| Collected material |
══════

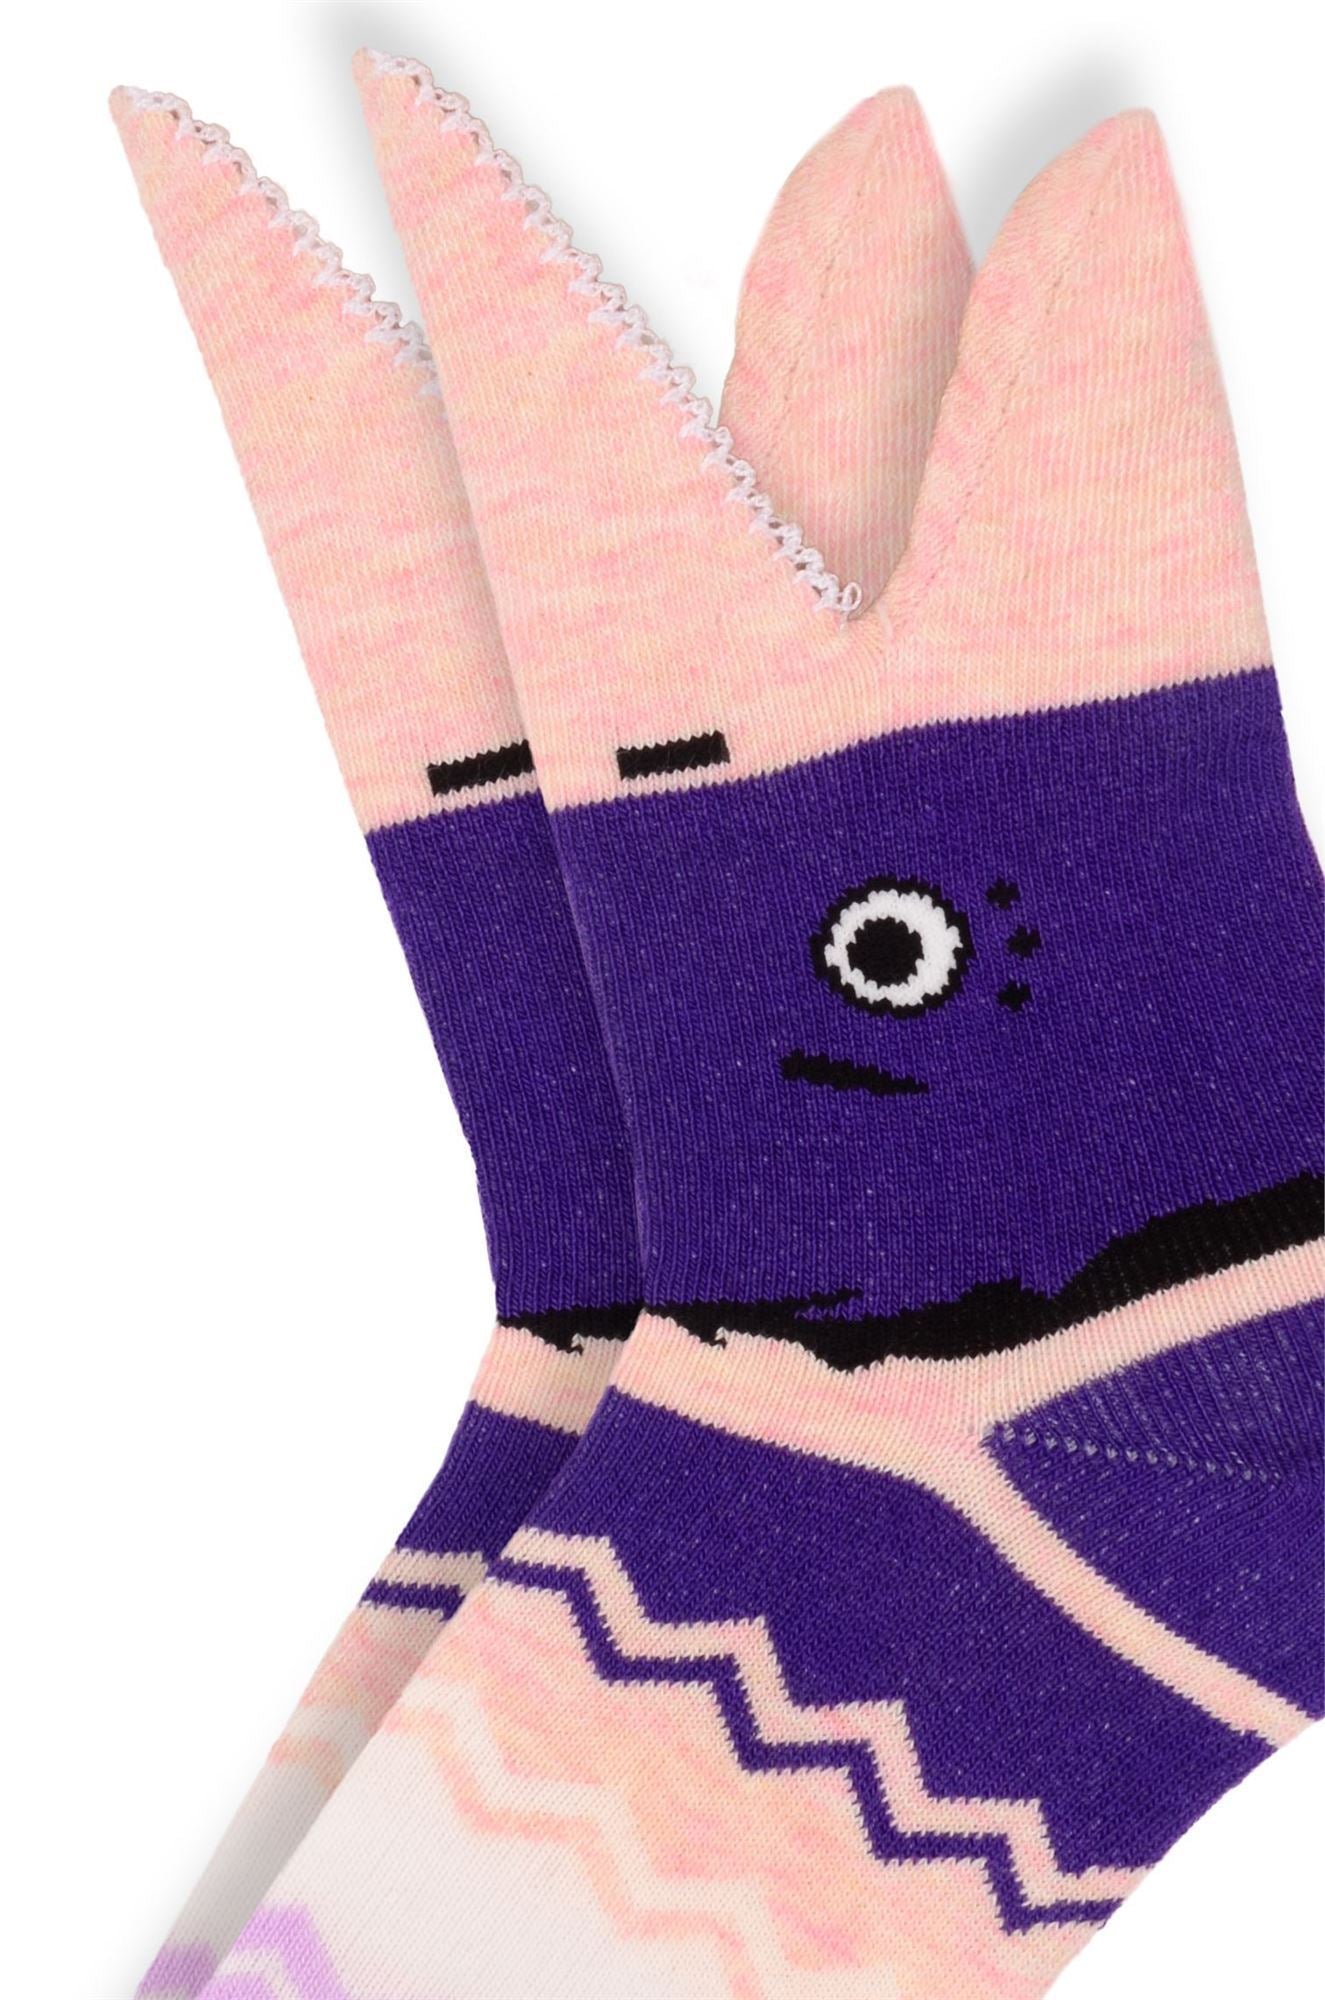 GONE FISHIN' GIRLS 3-pack socks
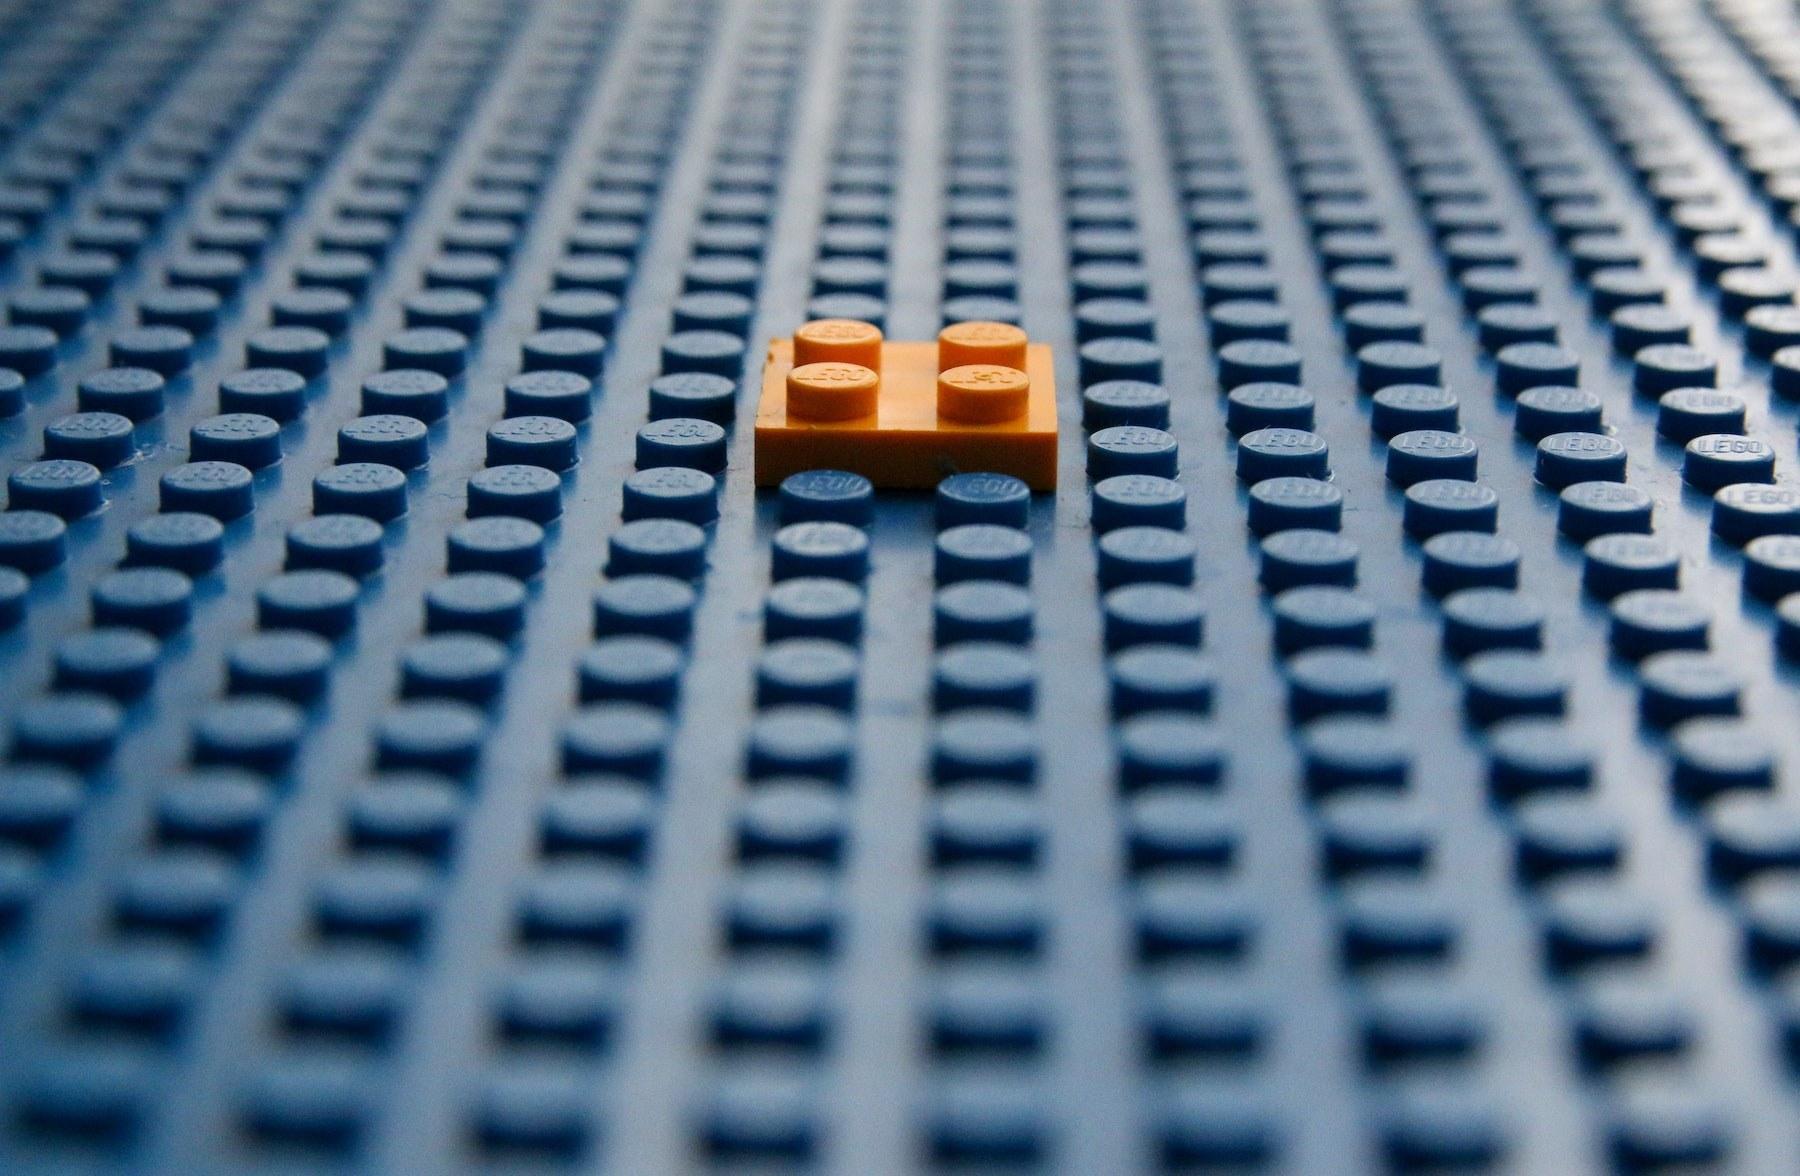 Lego piece
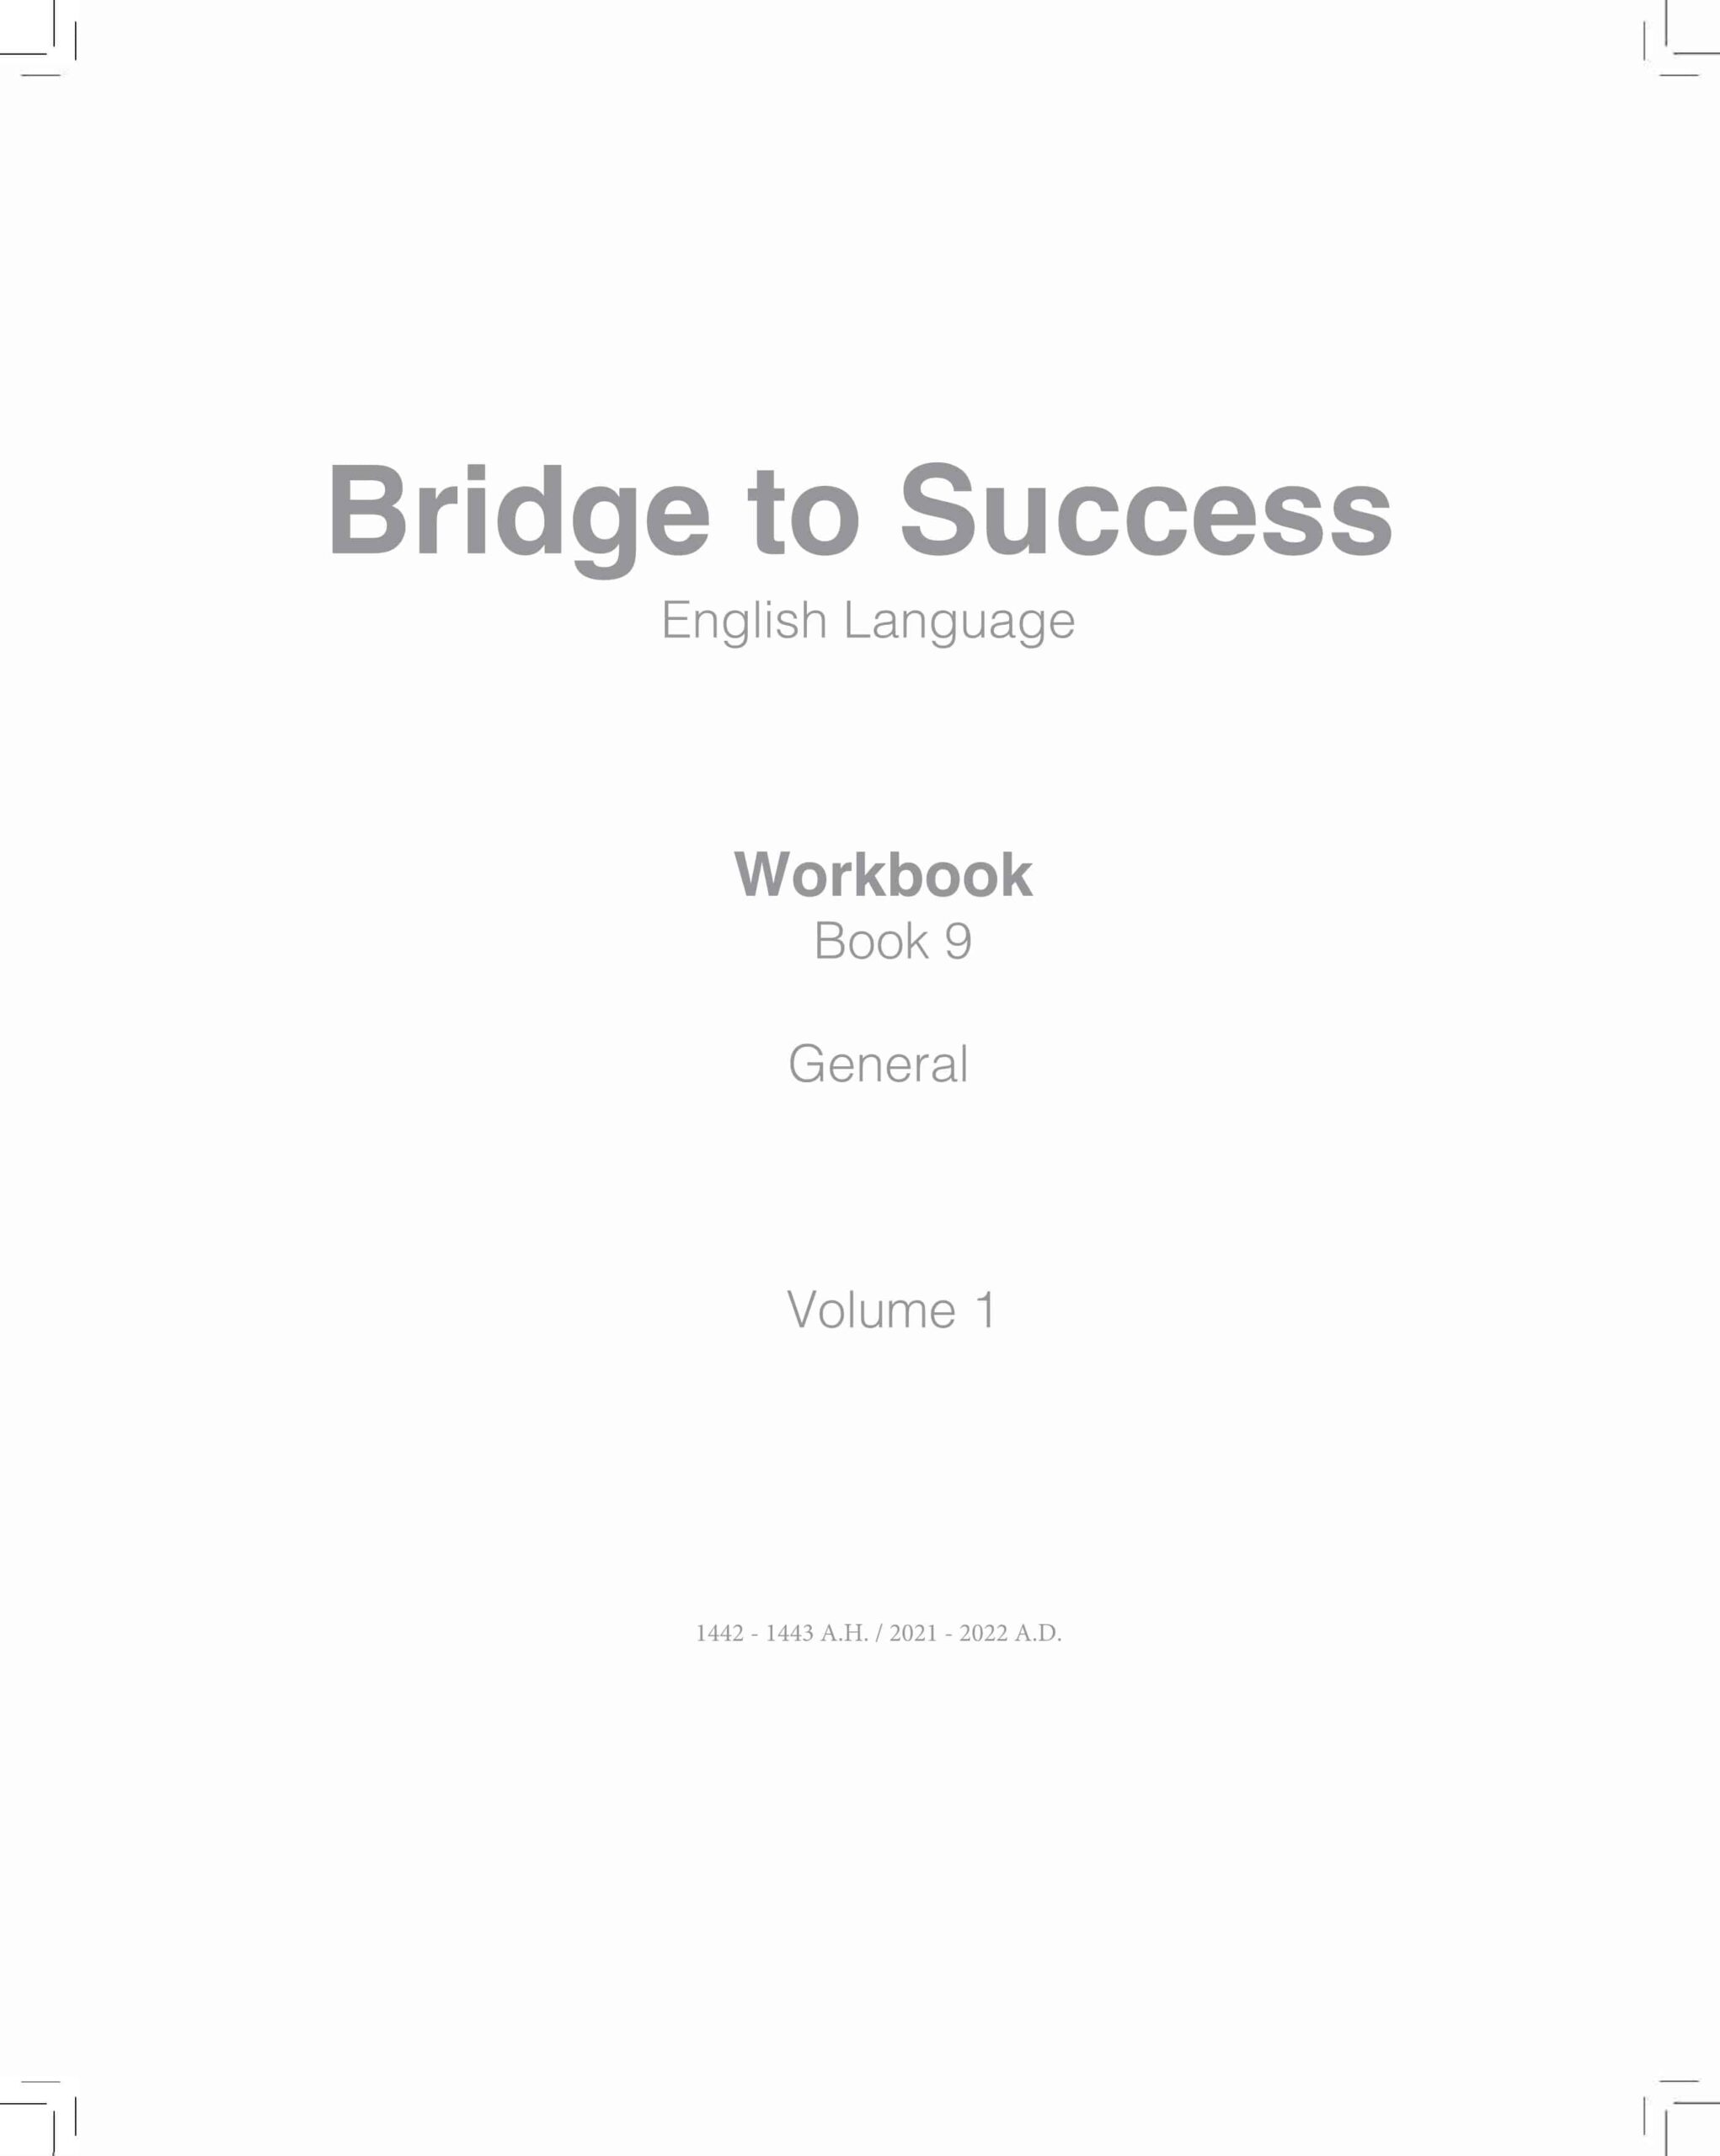 كتاب النشاط Work book اللغة الإنجليزية الصف التاسع الفصل الدراسي الأول 2021-2022

══════

| Exercise objective |
Your copy of the data should match it exactly, apart from the images, which are omitted.

| Answer space |
 GONE FISHIN' GIRLS 3-pack socks
 Lego piece
 كتاب النشاط Work book اللغة الإنجليزية الصف التاسع الفصل الدراسي الأول 2021-2022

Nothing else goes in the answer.